The surreal, molten metal sculptures by Ibram Lassaw, spanning from 1950 through 1985, are intended to draw the viewer through and within. On the walls is a selection of modernist paintings, watercolors, collages, and drawings by other mid-century artists including Robert Motherwell, Stuart Davis, Mercedes Matter, Anna Walinska, Richard Serra, Willem de Kooning, Perle Fine, Louise Nevelson, Jimmy Ernst, Mary Abbott, and Hans Hofmann.

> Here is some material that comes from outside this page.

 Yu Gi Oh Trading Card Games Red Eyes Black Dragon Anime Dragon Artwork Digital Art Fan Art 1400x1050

Highlights from the paintings portion are a 1979 oil sketch “Drunk With Turpentine” by Robert Motherwell, the final study for his finished painting “White Sanctuary” (1981). Similarly included amongst three Stuart Davis drawings is a sketch for his painting “Flags” (1931). The New York modernist Anna Walinska is represented by a black and white oil painting, “Tokyo Landscape” (1957), and a Shan paper collage “Figures” (1961). Canadian Jean-Paul Riopelle’s colorful expressionist “Landscape” (c. 1958) is another feature.

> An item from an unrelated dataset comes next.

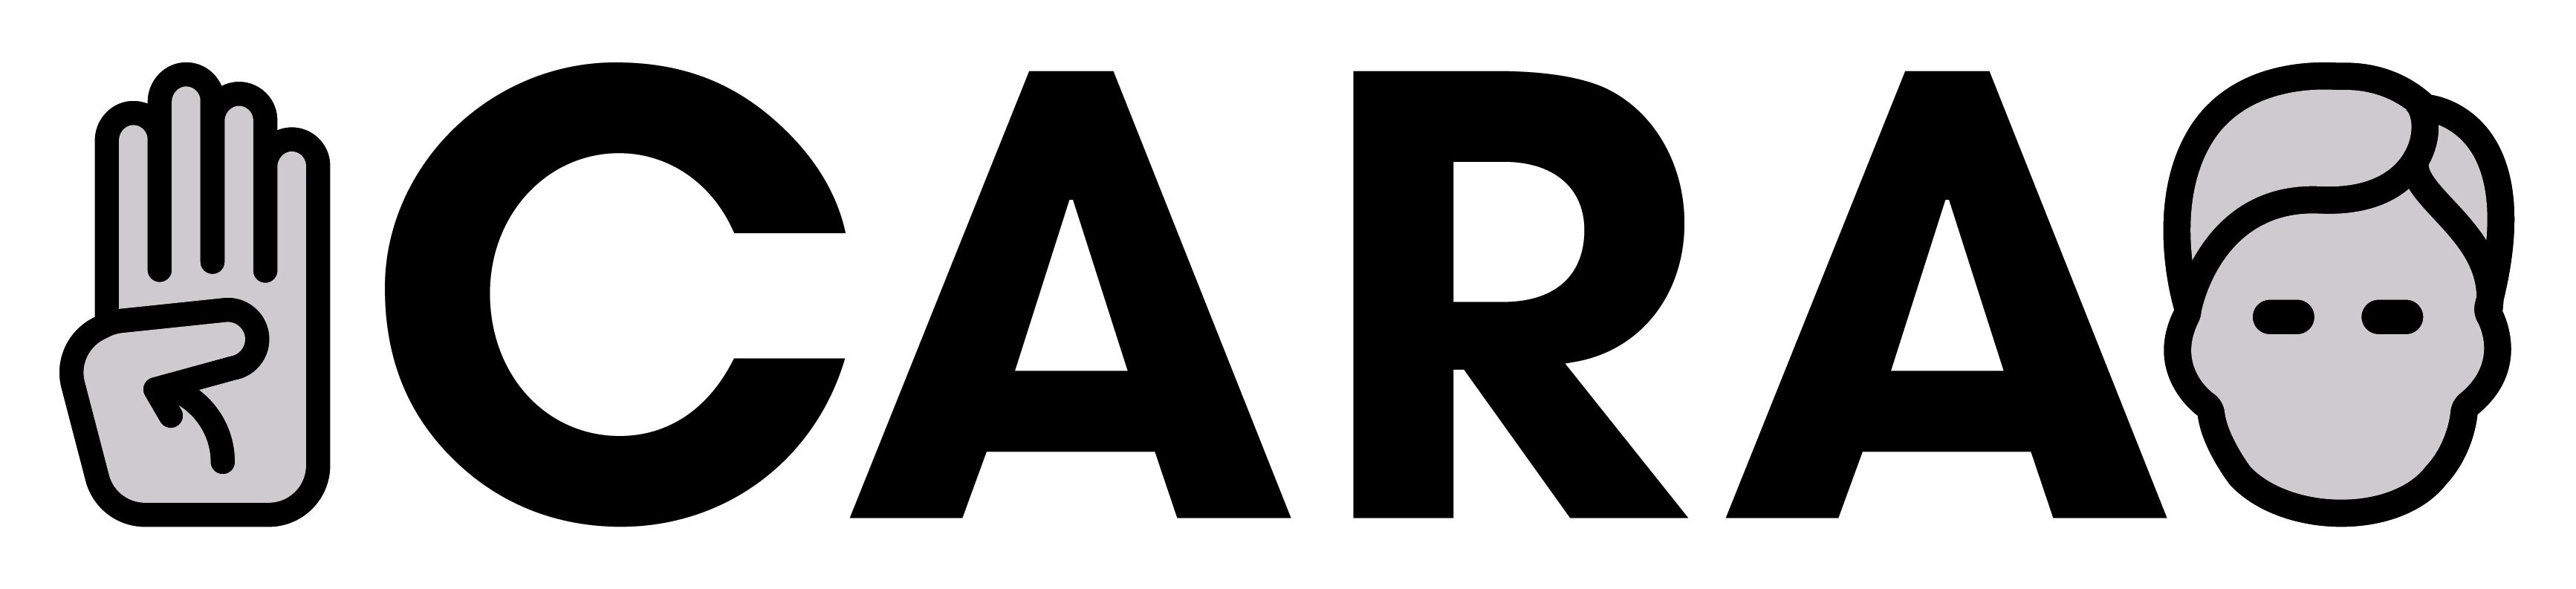 Trademark Logo CARA

Ibram Lassaw is represented by seven unique sculptures. He was among the earliest American sculptors to work in abstraction, beginning in 1933. A charter member of the Clay Club in 1934 (now SculptureCenter) and American Abstract Artists in 1937, he presented work at both annuals. Further exhibitions were held at the Whitney Museum of American Art (1951) and at Kootz Gallery, New York (1952–58). The Museum of Modern Art also included Lassaw in several exhibitions, including the influential Twelve Americans, in 1956. Other institutions that have featured the artist include the Heckscher Museum of Art, Huntington, New York (1973), Guild Hall Museum, East Hampton, New York (1988), and Figge Art Museum, Davenport, Iowa (2023).
Throughout his career, Ibram Lassaw made open space a primary material in his art. Working in modes of Surrealism and Abstract Expressionism, molten metal was an ideal medium for the image he sought. In his action sculptures, images are drawn from the metal itself: a wire core overlayed with globs of molten bronze or other alloys. In welding, changing from one alloy to another achieves a variety of surfaces, colors, and textures. The process and materials vary, including brass, nickel-silver, stainless steel, bronze, iron, manganese, silicon, and tin. Color is prized and created by treating the metals with salts, acids, and alkalis, achieving greens, blues, and other colors.